Shrilly unfunny "Bride Wars" wages stars' likability against us




Bride Wars (2009) 
90 min., rated PG.

January is the dumping-ground month that big-studio Hollywood movies are doomed to failure. Case in point with the contrived and stridently unfunny "Bride Wars": Anne Hathaway and Kate Hudson's own "Monster-in-Law." Inseparable and obsessed with weddings since childhood, school teacher Emma (Hathaway, looking gorgeous as usual) and lawyer Liv (Hudson, looking like she was left out in the sun too long and with bad bangs) get engaged to their boyfriends one day apart. Both women, who have always dreamt of marrying in New York's Plaza Hotel and being each other's maid of honor, have their nuptials booked on the exact same day by renowned wedding planner Marion St. Claire (Candice Bergen, and oh how Murphy Brown has fallen). 
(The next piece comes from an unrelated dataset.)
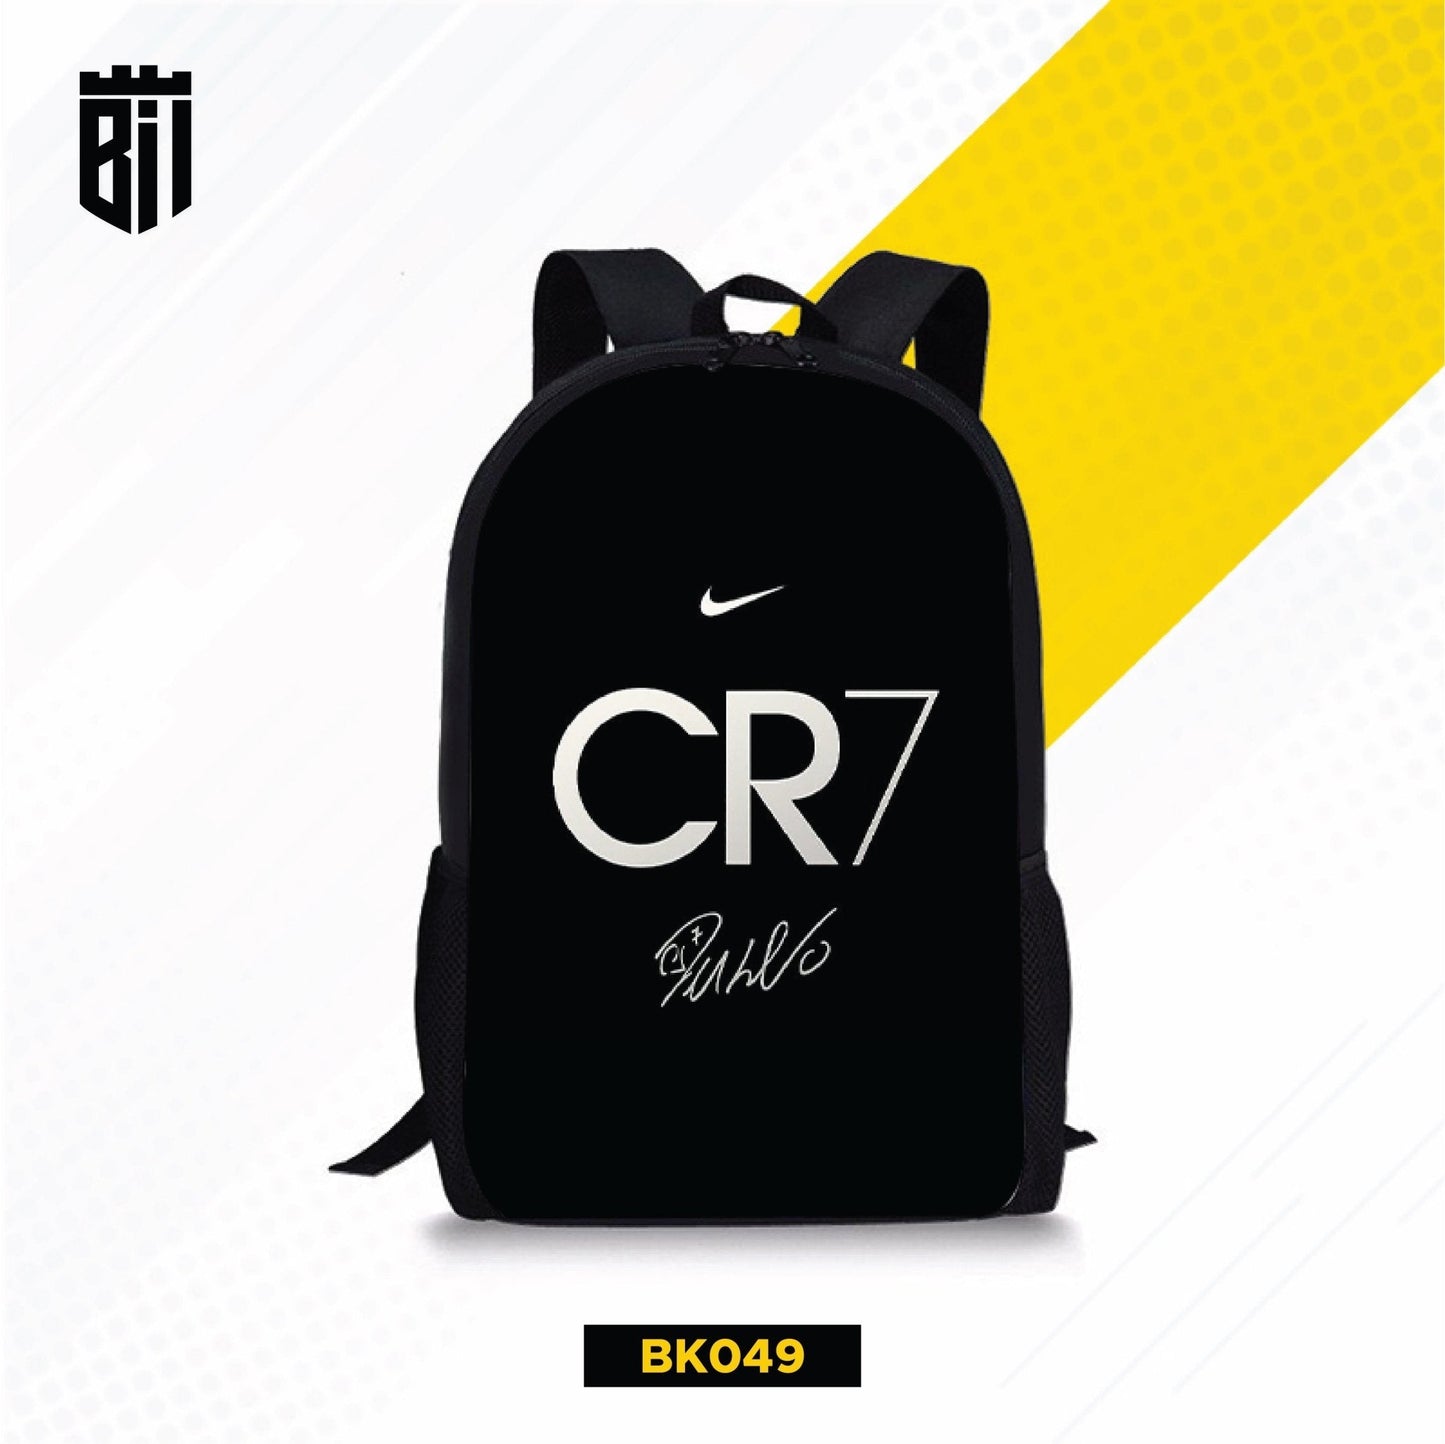 BK049 Black CR7 Backpack - BREACHIT

It is never quite clear what the whole fuss is about, or why neither of them agree on other options, but when neither will budge to re-schedule the wedding date, let the hair-pulling begin and get ready for this screechy, sabotaging pair of bridezillas to rumble! The sorostitute-like battle escalates: We get Emma sending a formerly obese Liv chocolate truffles and cookie baskets from the International Butter Club so she won't fit into her Vera Wang wedding gown (that'll show her!); and both brides-to-be switch the other's hair and tanning dyes (are you LOLing yet?). For a laborious 90 minutes, it's a catty-as-PG-can-be cat fight noticeably without claws but chock-full of immature 8-year-old pranks. 
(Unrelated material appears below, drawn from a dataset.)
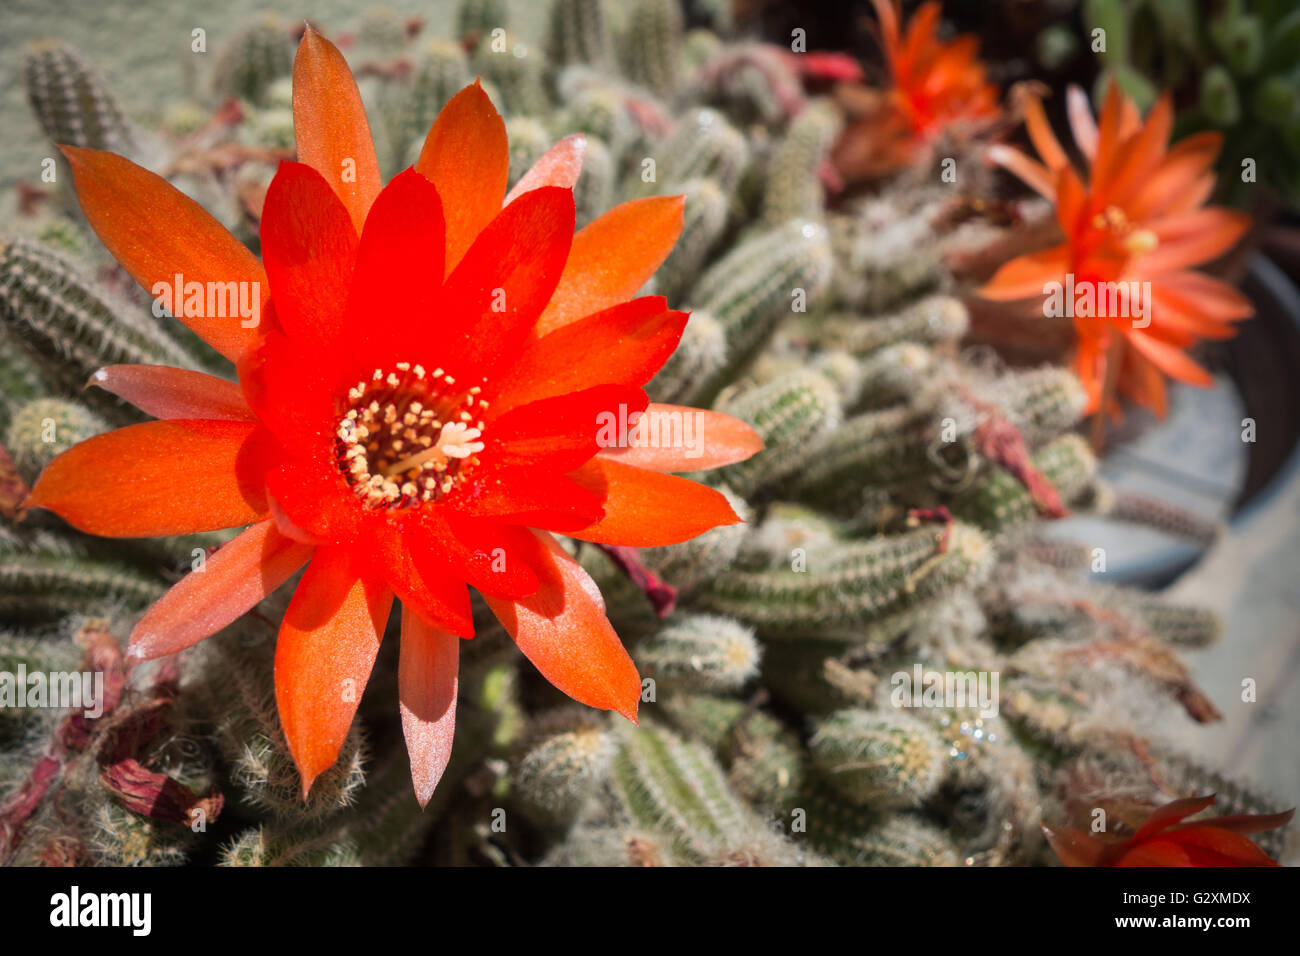 Orange flower of Aporocactus flagelliformis cactus Stock Photo

Director Gary Winick and the three writers (Greg DePaul, Casey Wilson, and June Diane Raphael) are stingy on laughs, charm, and bite when it comes to "Bride Wars," which finally kills two birds with one stone: It throws on its predictably mawkish “truce” and sequel setup ... “Baby-Mama Wars” maybe? With their Crest Whitestrip smiles, Hathaway and Hudson are probably real nice people in real life, and seem to be having a blast on screen, which is more than what can be said for the audience. These two women are presented as annoying, babbling idiots, setting back the female movement nearly 60 years when marriage was priority numero uno. (Even “Sex and the City” cried out more female independence than this.) Called obnoxious and overbearing even by her own beau, Hudson's Liv is just that, and Hathaway's Emma is simply a nice girl lowering herself to her shrill ex-gal pal's level, while the hubbies-to-be (Steve Howey, Chris Pratt) and Liv's bro (Bryan Greenberg) are interchangeable non-entities. 

Only Kristen Johnston gets a few one-liners in edgewise as Emma's desperate choice for bridesmaid. Sugar-free gum probably has more wit than anything in "Bride Wars."